From: Ben Gardon <bgardon@google.com>

[ Upstream commit bc8a3d8925a8fa09fa550e0da115d95851ce33c6 ]

KVM bases its memory usage limits on the total number of guest pages
across all memslots. However, those limits, and the calculations to
produce them, use 32 bit unsigned integers. This can result in overflow
if a VM has more guest pages that can be represented by a u32. As a
result of this overflow, KVM can use a low limit on the number of MMU
pages it will allocate.

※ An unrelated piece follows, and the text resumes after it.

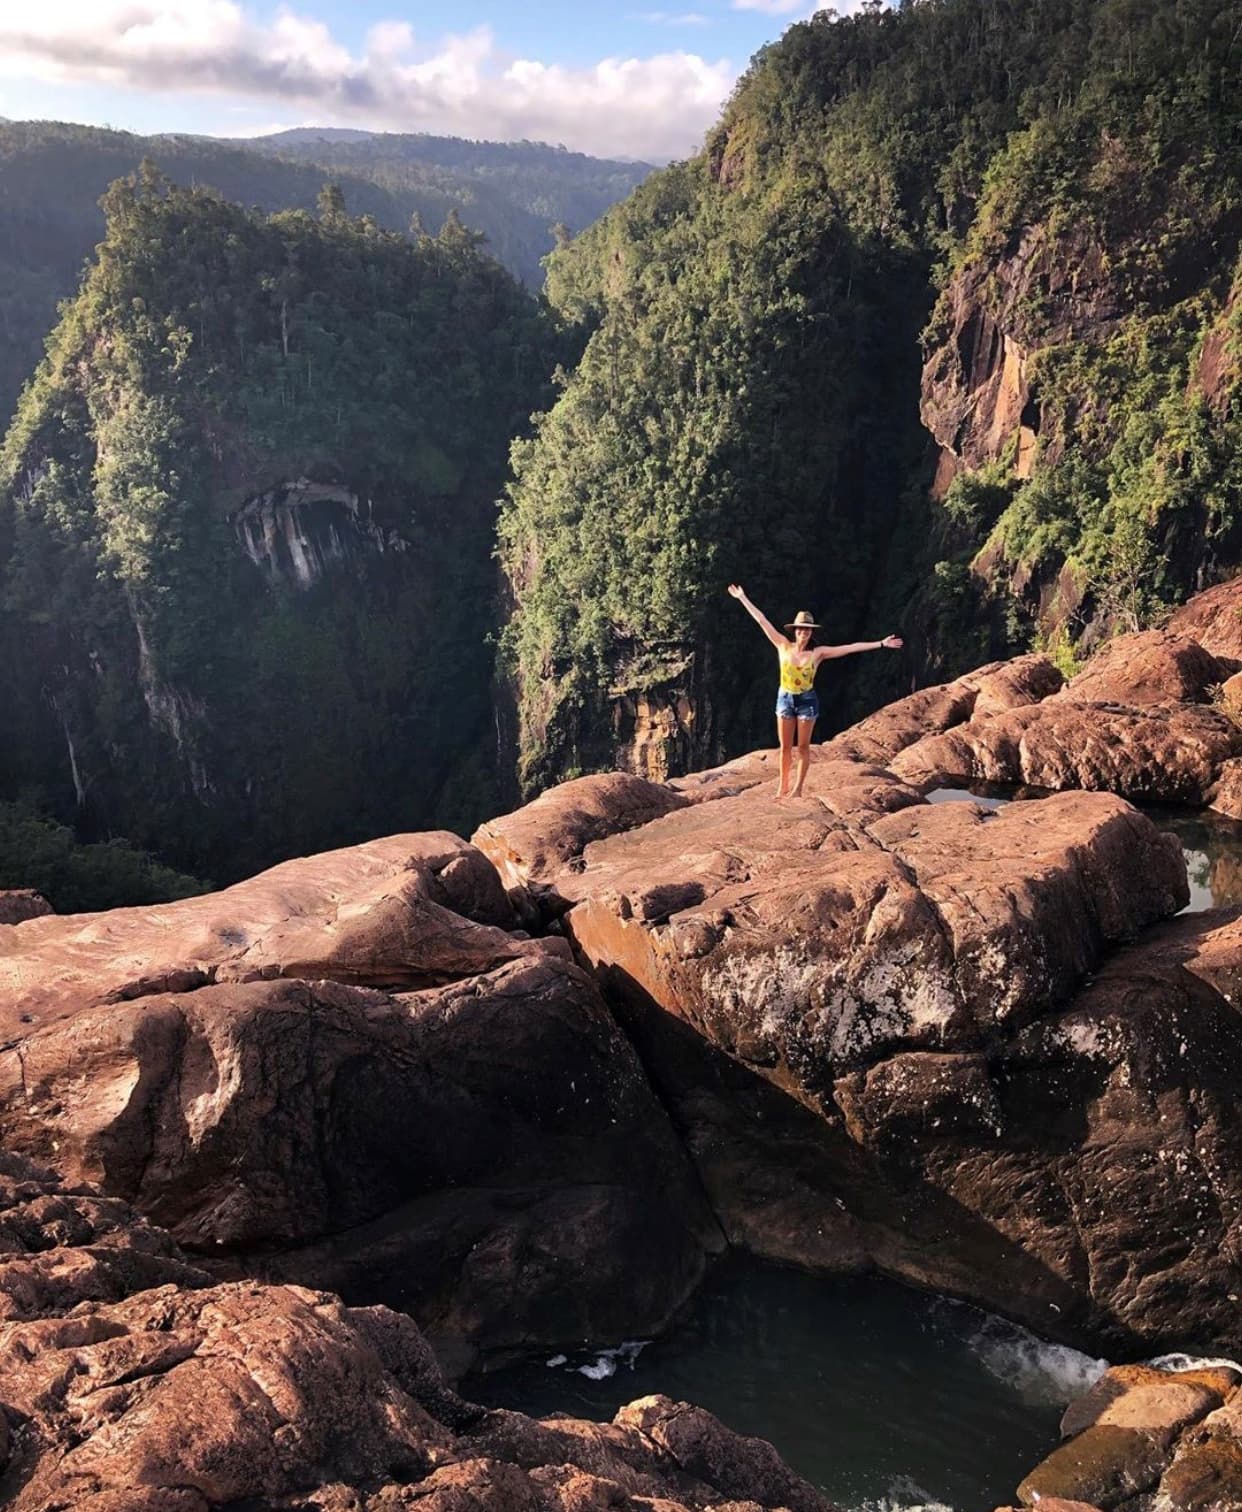 Carolyn Reimann on a cliff edge in the tropics
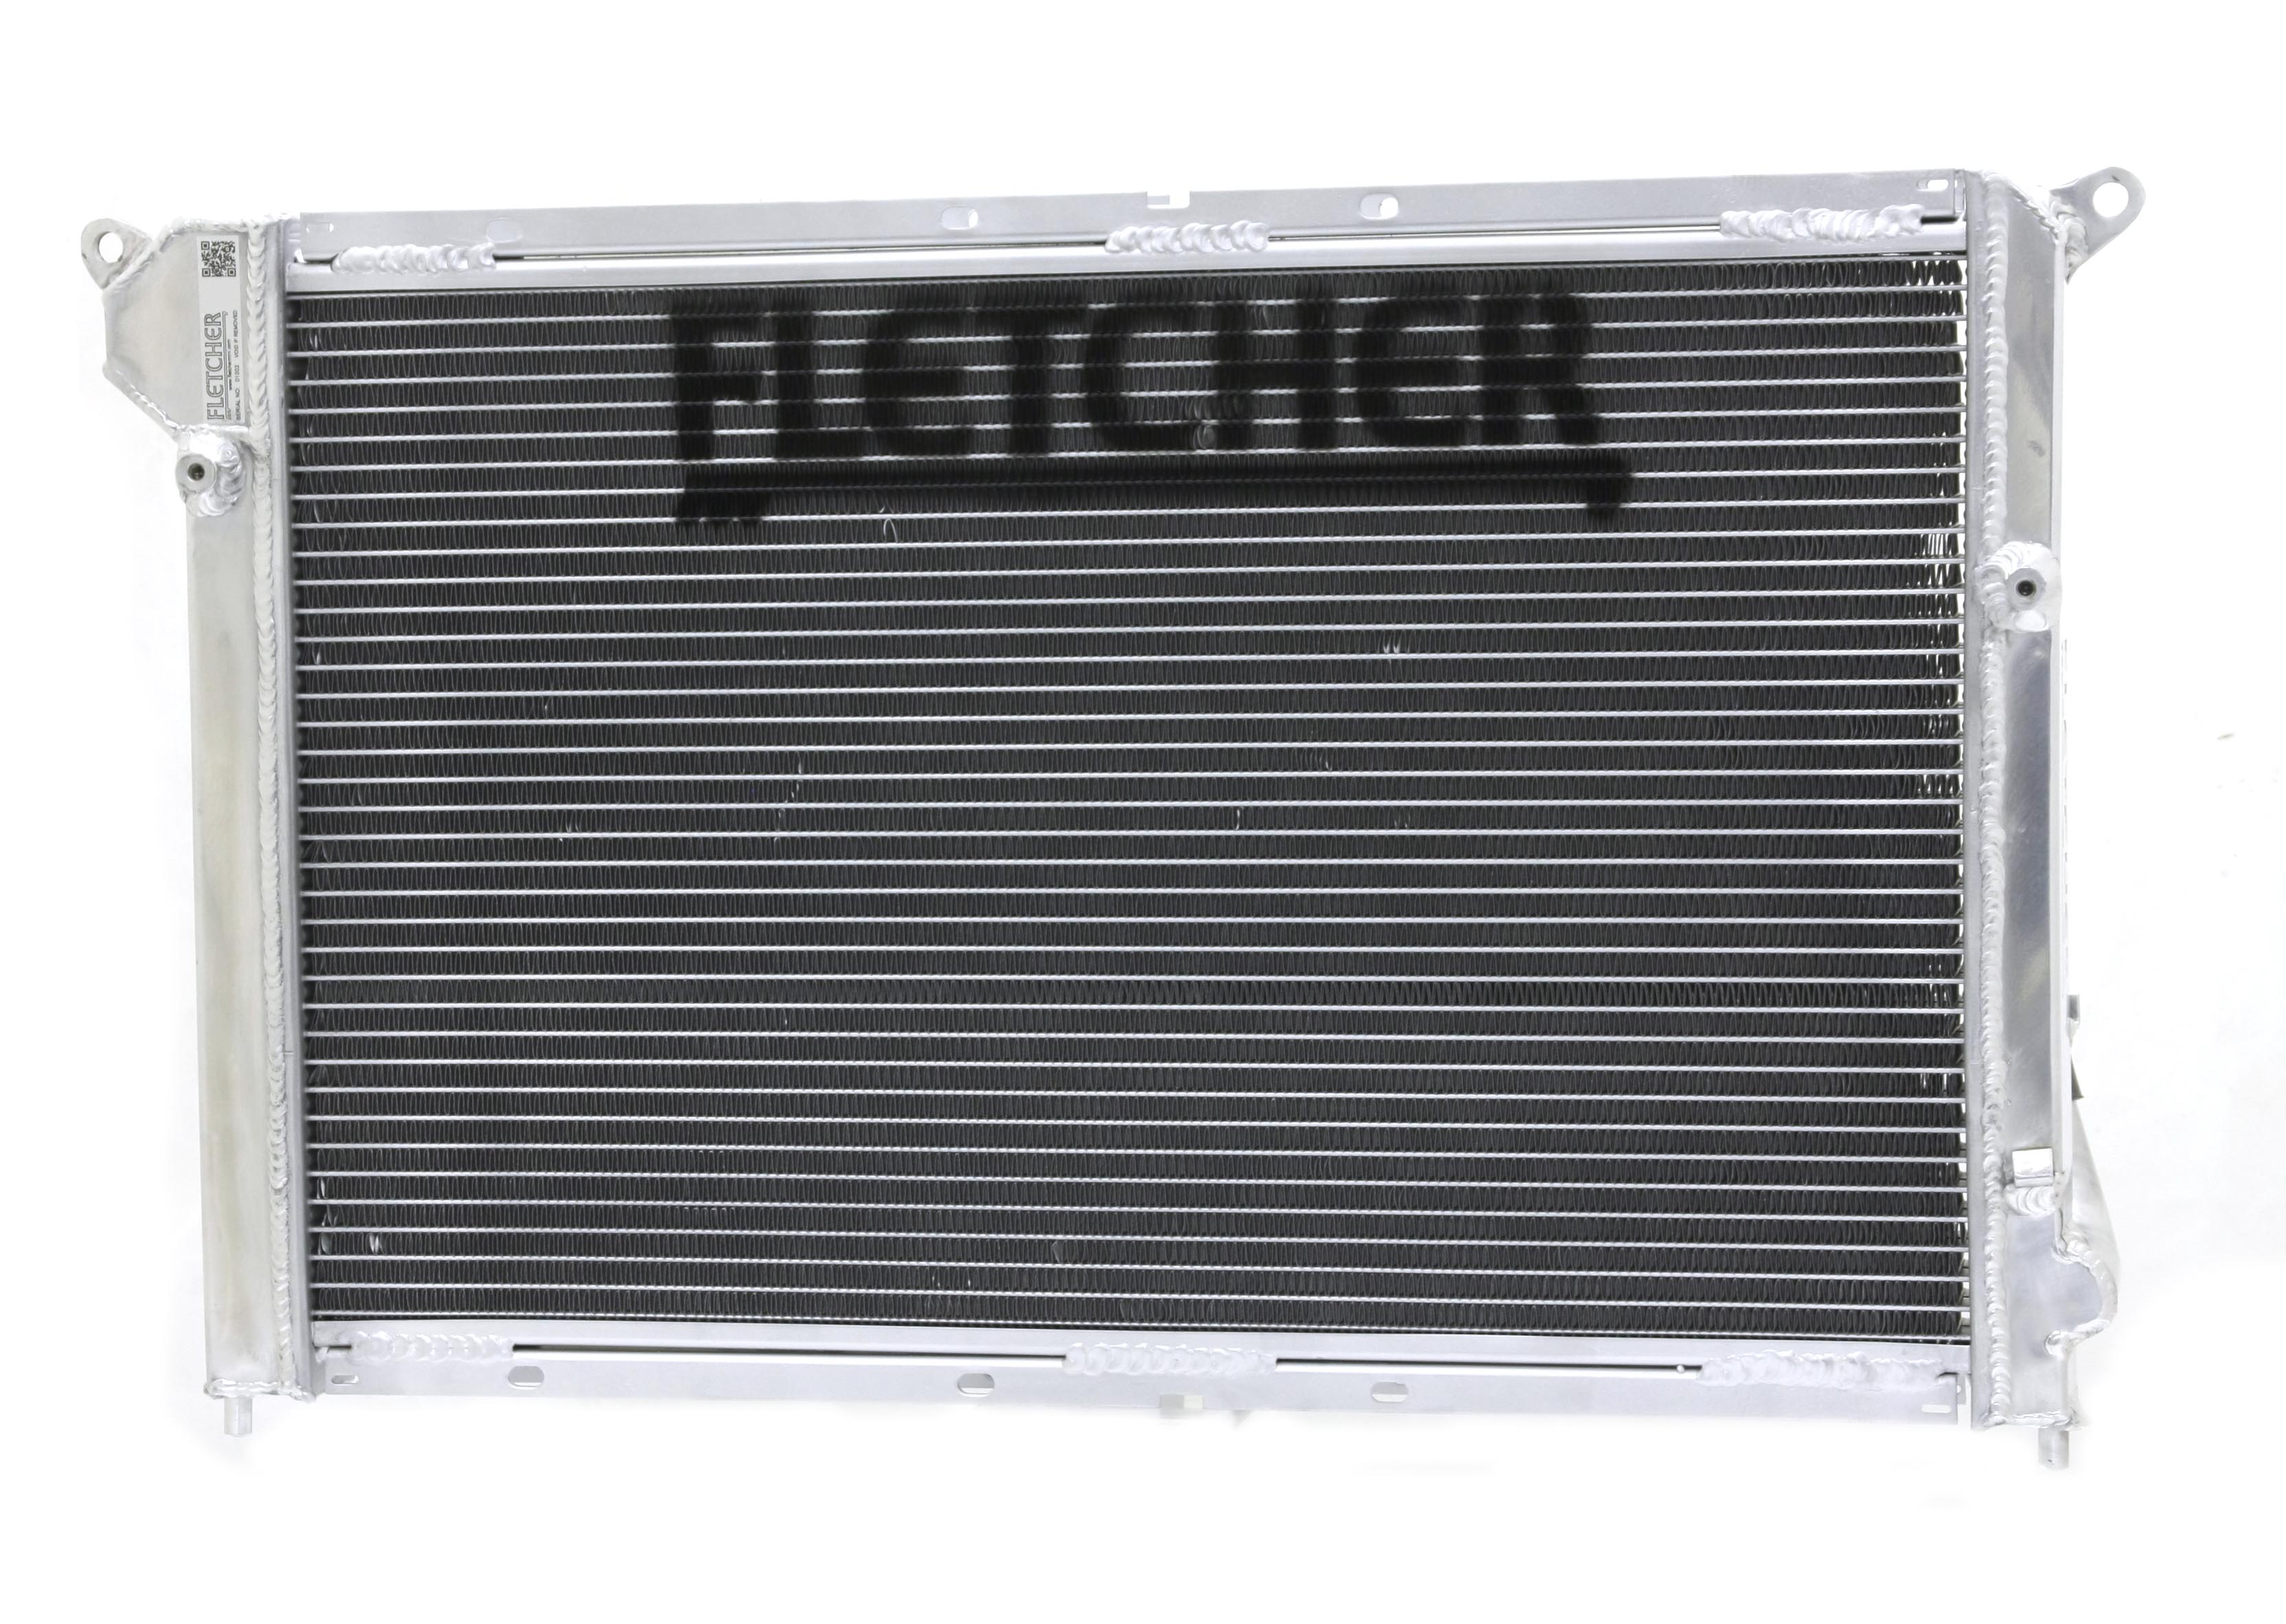 FM-R318B / MINI COOPER S R53 40mm ALLOY RADIATOR -  UPGRADED HIGH PRESSURE | FLETCHER MINI

This makes KVM unable to map all of guest memory
at once, prompting spurious faults.

Tested: Ran all kvm-unit-tests on an Intel Haswell machine. This patch
	introduced no new failures.

Signed-off-by: Ben Gardon <bgardon@google.com>
Cc: stable@vger.kernel.org
Signed-off-by: Paolo Bonzini <pbonzini@redhat.com>
Signed-off-by: Sasha Levin <sashal@kernel.org>
---
 arch/x86/include/asm/kvm_host.h | 12 ++++++------
 arch/x86/kvm/mmu.c              | 13 ++++++-------
 arch/x86/kvm/mmu.h              |  2 +-
 arch/x86/kvm/x86.c              |  4 ++--
 4 files changed, 15 insertions(+), 16 deletions(-)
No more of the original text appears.